Atreseries
- Country: Spain
- Broadcast area: Spain, Andorra, Gibraltar Atreseries Internacional: Europe, the Americas and Oceania

Programming
- Language: Spanish
- Picture format: 1080i HDTV

Ownership
- Owner: Atresmedia
- Sister channels: Antena 3 LaSexta Neox Nova Mega

History
- Launched: June 1, 2014 (International) December 22, 2015 (Spain)

Links
- Website: atreseries.atresmedia.com

Availability

Streaming media
- Atresplayer: Live

= Atreseries =

Spanish television network

Atreseries (A3S) is a Spanish television channel owned by Atresmedia. It was launched on Spanish DTT on 22 December 2015.

Atreseries releases historical TV series historically broadcast by Antena 3, LaSexta and films.

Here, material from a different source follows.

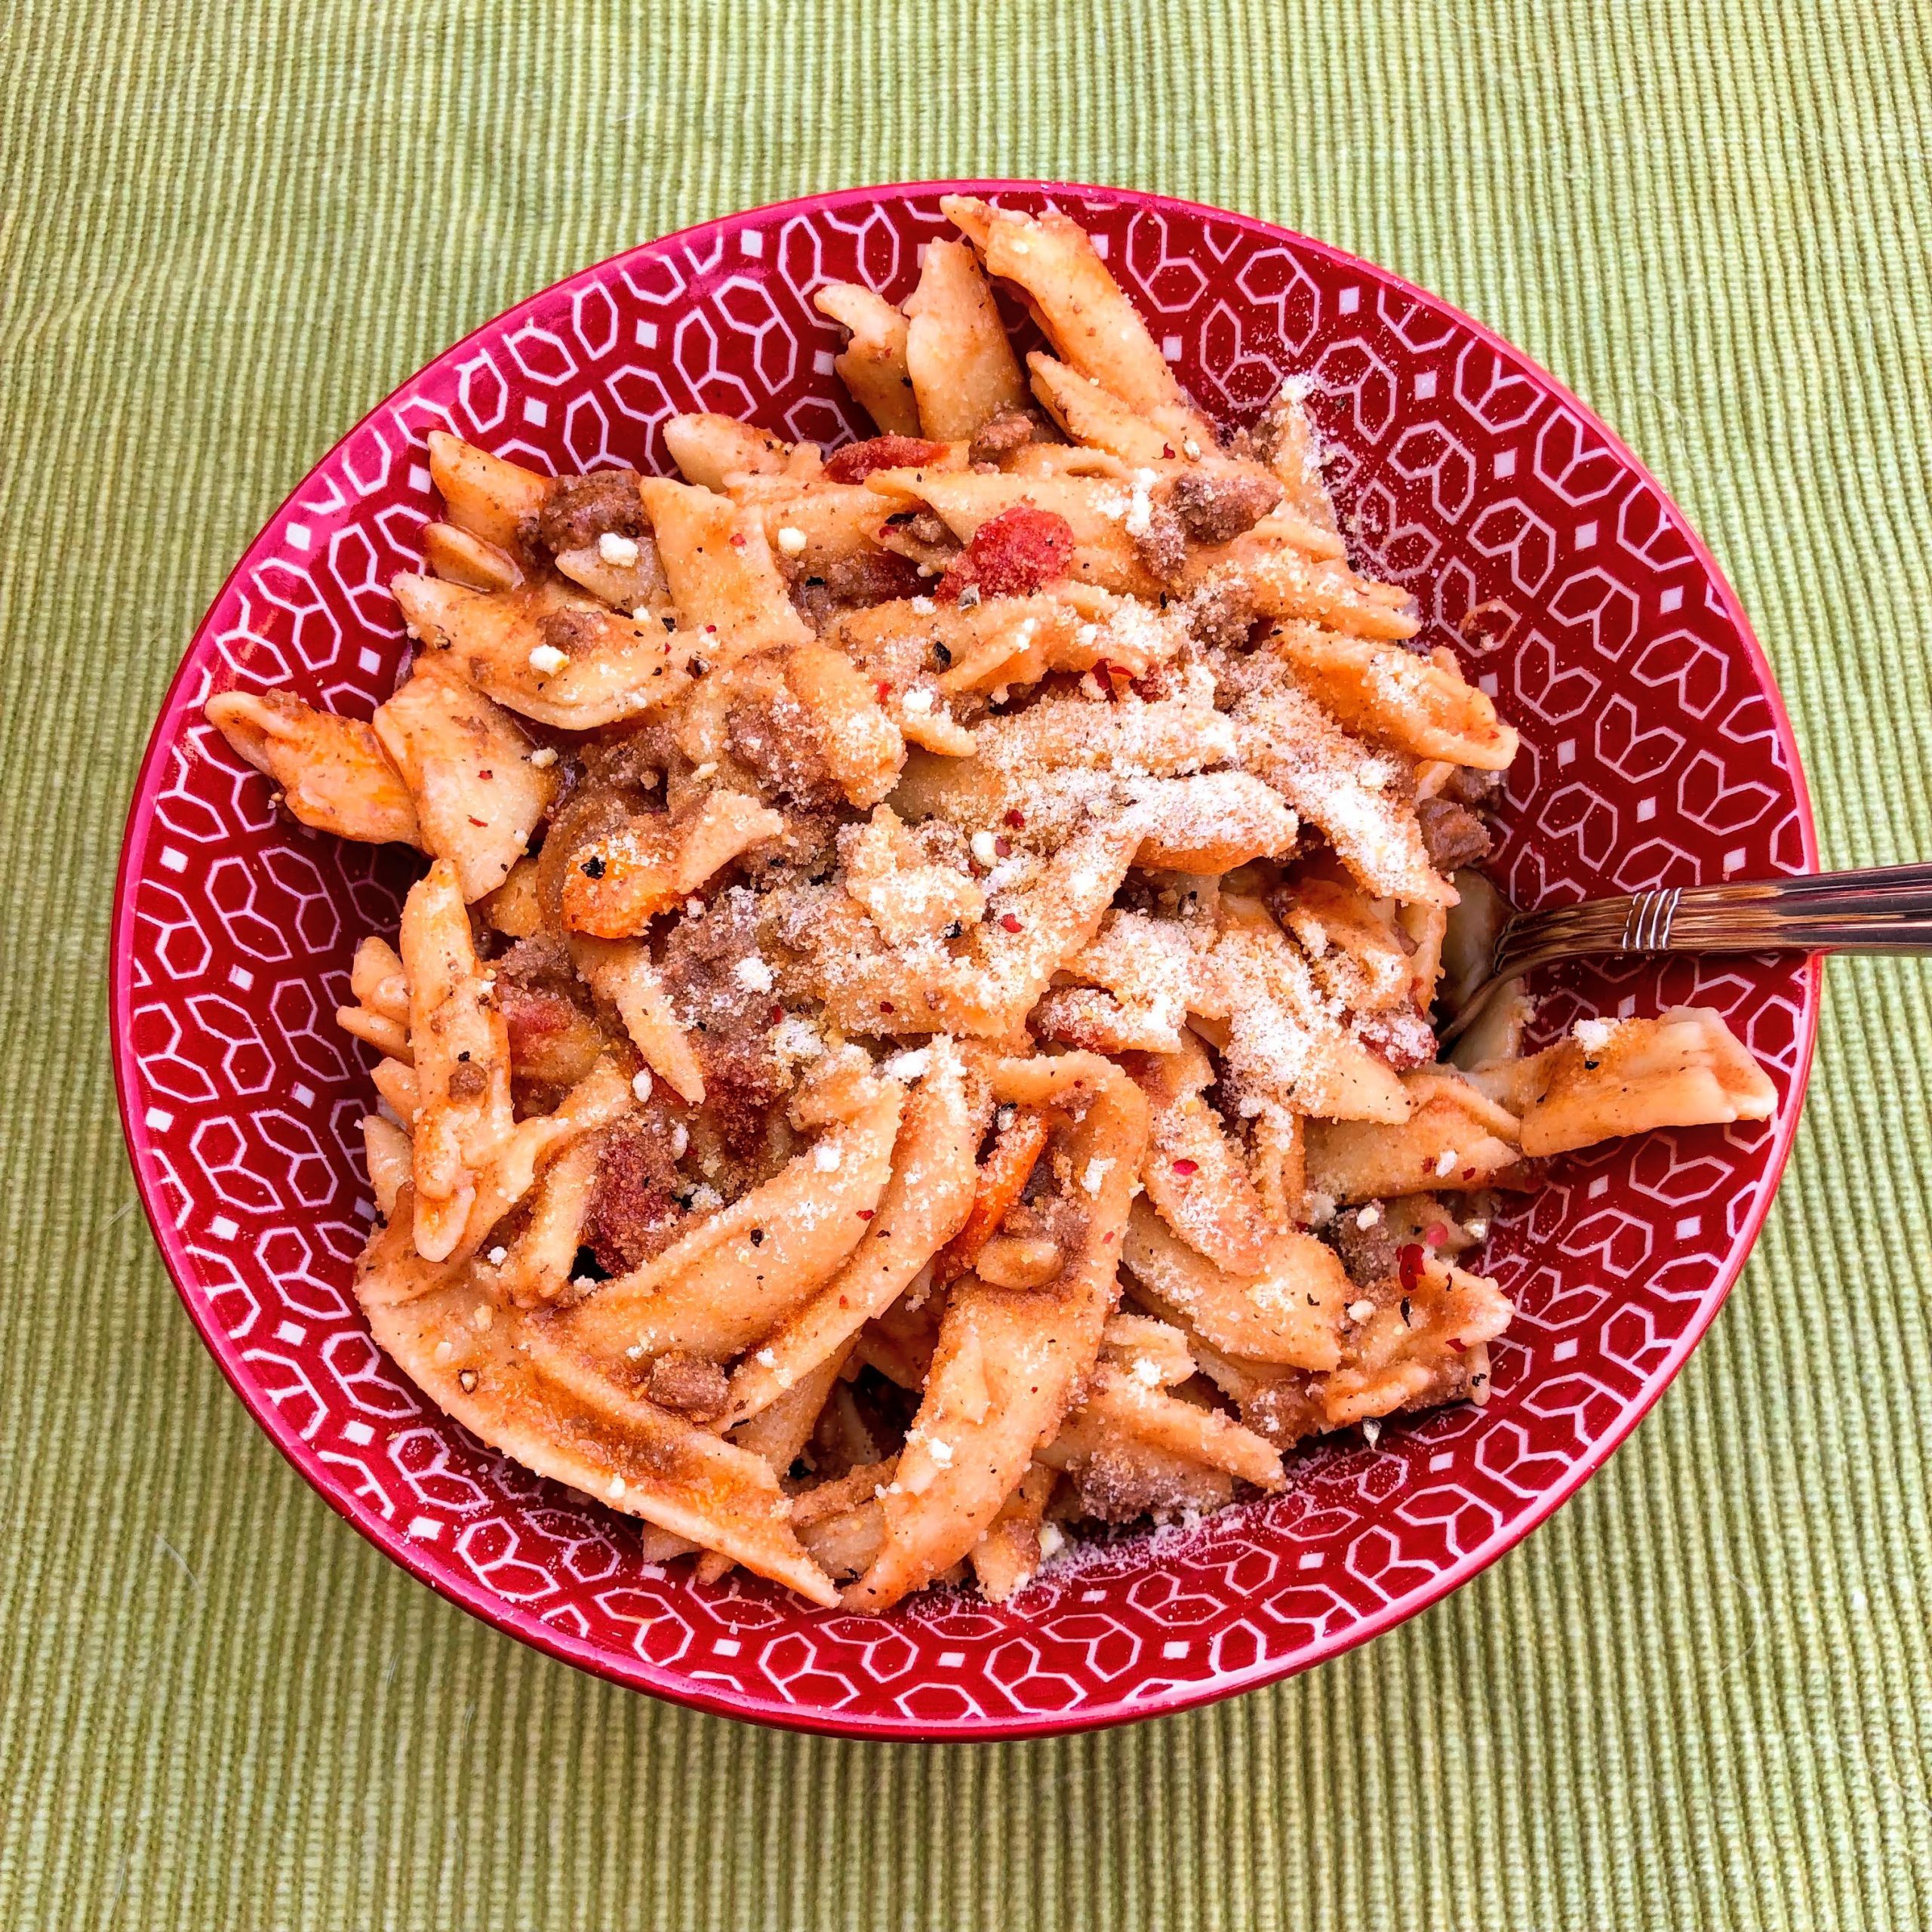 Leftover The ONE Beef and Veggies Sauce with Penne Pasta in a red bowl on a green placemat

Its programming includes Allí abajo, Aquí no hay quien viva, Compañeros, Covert Affairs, Crimen en el paraíso, Cuerpo de élite, El amor está en el aire, El barco, El internado, El síndrome de Ulises, Fiscal Chase, Física o Química, La familia Mata, La tira, Looking, Los hombres de Paco, Los protegidos, Me resbala, Ninja Warrior, Rizzoli & Isles, Se ha escrito un crimen, Sorpresa ¡Sorpresa! and The Listener.

Atreseries Internacional was launched before the Spanish feed on 1 June 2014, a signal aimed at payment platforms in America and Europe, which only transmits Antena 3's own programming.